X-Message-Number: 32525
Date: Thu, 1 Apr 2010 05:16:51 -0700
Subject: Re: Henson's experiment
From: Keith Henson <>

On Thu, Apr 1, 2010 at 2:00 AM,  wrote:

> Henson's thought experiments, or very similar ones,
> have been done many times, including mine of 50
> years ago. To try again to unmuddle the concept,
> I'll try again to convey my take on it, in extreme
> brevity.
>
> There are two basic questions:  (a) Would a perfect
> copy of you--atom for atom--BE you? (b) Would a
> simulation of you in a digital computer be in all
> relevant respects equivalent to an organic copy ?

In both cases, the copy or the simulation (if accurate enough) would
claim to be you and act like you.  But in my opinion they would not
actually be the person copied or simulated.  It's a fine point to be
sure.  If the original were destroyed after copying, your friends
would not be aware of the instance being a copy.

> First, there are no agreed criteria of survival, so (a)
> cannot yet be answered with confidence. Current
> majority opinion means very little, but I suspect that
> most of us currently, confronted with death, would
> not be consoled by the assurance that somewhere,
> some time, in some segment of the putative
> multiverse-- present, past, or future--a high-fidelity
> copy of you (at your present phase of development)
> would exist.

I don't see this as coming up in the real world because the technology
up to the task of creating a duplicate would certainly be up to
repairing the original.  Now I can imagine such a situation, say you
were in a ship hopelessly falling into a black hole and had the
ability to make a molecular level scan and transmit it out of the
fatal gravity well for building a copy body and brain.  I think under
those dire circumstances most of us would take this route, even if the
scanning were destructive.

> Second, most writers seem to be determined to find
> a single criterion, or set of criteria, that would allow
> a yes-or-no answer, the copy is you or not. It seems
> to me a quantitative view is more realistic--a copy is
> you in the ways, and to the extent, that it shares your
> significant attributes. For example, your predecessors
> such as your infant self, and your successors or
> continuers or older selves, are partly you and partly
> other. And the question is not how you feel about this,
> but how you should feel--bearing in mind, among other
> things, that satisfaction or happiness is not always
> compatible with rationality. Going back at least to
> Socrates, a case can be made that it's better to be a
> contented cow than a troubled human.

I don't see the point of copies in a limited world, but if humans were
to embark on a tour of the galaxy ending in a Far Edge Party, they
would need to copy themselves many times (roughly 30 times) in order
to explore the 100 B stars in parallel.  (Might be more if brown
dwarfs are common and interesting.)  If people really did this
(something I now doubt), then the duplicates should be treated in all
respects as the same.  To prevent one from making a claim of being
"more original" than the other, the copy process might be rigged to
split the original material between the duplicates.

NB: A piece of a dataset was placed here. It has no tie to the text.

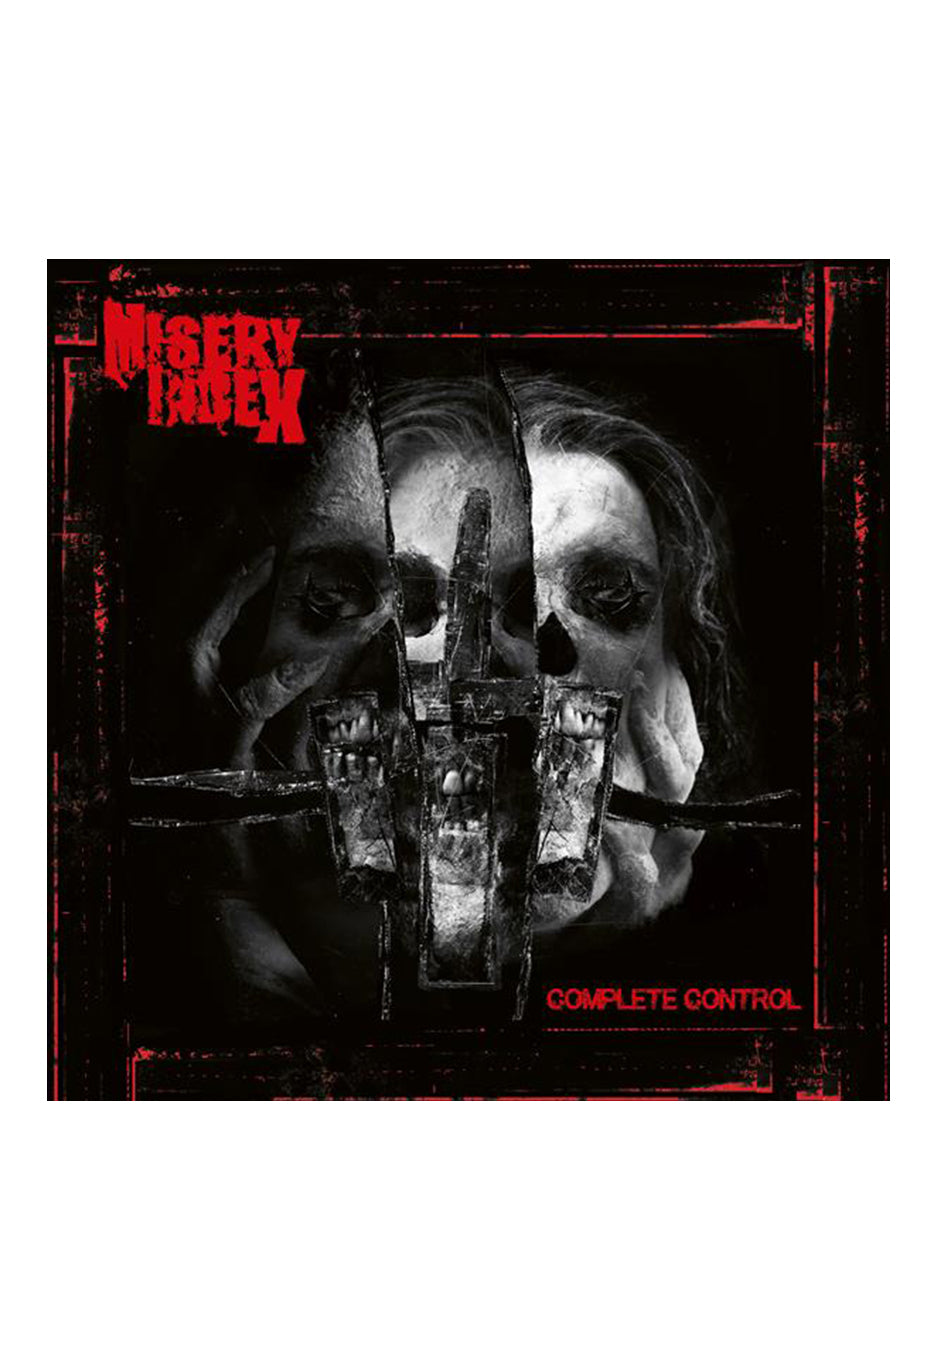 Misery Index - Complete Control Ltd. Deluxe - 2 CD Box

> The second question, concerning a simulation in
> a digital computer, is easier, if we simply want to
> show that no perfect answers are yet available, because:
>
> First, a simulation (static or dynamic) is just a coded set of
> data which can be interpreted to describe relevant aspects
> of the original. Instead of a succession of computer states
> we could have pages in a book containing these data. Those
> who rely on isomorphism in space should also allow for it
> in time

A static simulation is not a useful simulation.  You could make a case
that the suspended are a static simulation.

> Second, a simulation necessarily uses the laws and
> constants of physics as currently guessed or estimated,
> and we know with high probability that some of these
> are flawed, with the importance of the errors not yet
> known.

In "The Clinic Seed" the controlling AI was talked into reducing the
gravity and making the inside of houses larger than the outside.

> Third, the anatomy/physiology of qualia is currently
> unknown. My suggestion is that a quale is a
> condition or phenomenon with extension in space
> and time--perhaps a standing wave in the brain--so
> that you (present) overlap (in space and time) your
> previous and later selves (which is not true of either
> organic copies or simulations). This suggestion also
> solves the homunculus problem, because a quale
> is not a representation of anything, but a thing-
> in-itself, the bottom line. You don't "have" qualia--
> you are your qualia.

Bob, I am generally with you on this, but in the story (and probably
possible in real life) the upload was only partial and temporary.
After spending a few weeks in this state and returning to the physical
world with memory of life in the "spirit world" would the person be a
different person than if they had stayed in the physical world?

Keith

PS.  Right now I think gaming is the most likely route humans will be
seduced out of the physical world, bodies maintained by "machines of
loving grace" until the bodies are forgotten.